------ Records supplied

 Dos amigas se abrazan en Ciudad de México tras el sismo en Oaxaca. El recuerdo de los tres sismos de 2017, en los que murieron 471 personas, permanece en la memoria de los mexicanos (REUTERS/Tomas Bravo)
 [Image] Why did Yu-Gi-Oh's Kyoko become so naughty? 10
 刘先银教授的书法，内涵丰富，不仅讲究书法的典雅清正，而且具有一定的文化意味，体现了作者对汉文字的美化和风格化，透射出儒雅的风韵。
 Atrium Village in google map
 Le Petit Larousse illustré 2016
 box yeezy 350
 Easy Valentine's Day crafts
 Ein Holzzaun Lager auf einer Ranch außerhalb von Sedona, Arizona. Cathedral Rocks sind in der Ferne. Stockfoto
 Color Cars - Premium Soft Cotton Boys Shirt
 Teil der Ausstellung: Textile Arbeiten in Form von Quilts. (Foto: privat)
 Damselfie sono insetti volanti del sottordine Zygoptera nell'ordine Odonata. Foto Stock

------------

Could you write out the full data verbatim?

 Dos amigas se abrazan en Ciudad de México tras el sismo en Oaxaca. El recuerdo de los tres sismos de 2017, en los que murieron 471 personas, permanece en la memoria de los mexicanos (REUTERS/Tomas Bravo)
 [Image] Why did Yu-Gi-Oh's Kyoko become so naughty? 10
 刘先银教授的书法，内涵丰富，不仅讲究书法的典雅清正，而且具有一定的文化意味，体现了作者对汉文字的美化和风格化，透射出儒雅的风韵。
 Atrium Village in google map
 Le Petit Larousse illustré 2016
 box yeezy 350
 Easy Valentine's Day crafts
 Ein Holzzaun Lager auf einer Ranch außerhalb von Sedona, Arizona. Cathedral Rocks sind in der Ferne. Stockfoto
 Color Cars - Premium Soft Cotton Boys Shirt
 Teil der Ausstellung: Textile Arbeiten in Form von Quilts. (Foto: privat)
 Damselfie sono insetti volanti del sottordine Zygoptera nell'ordine Odonata. Foto Stock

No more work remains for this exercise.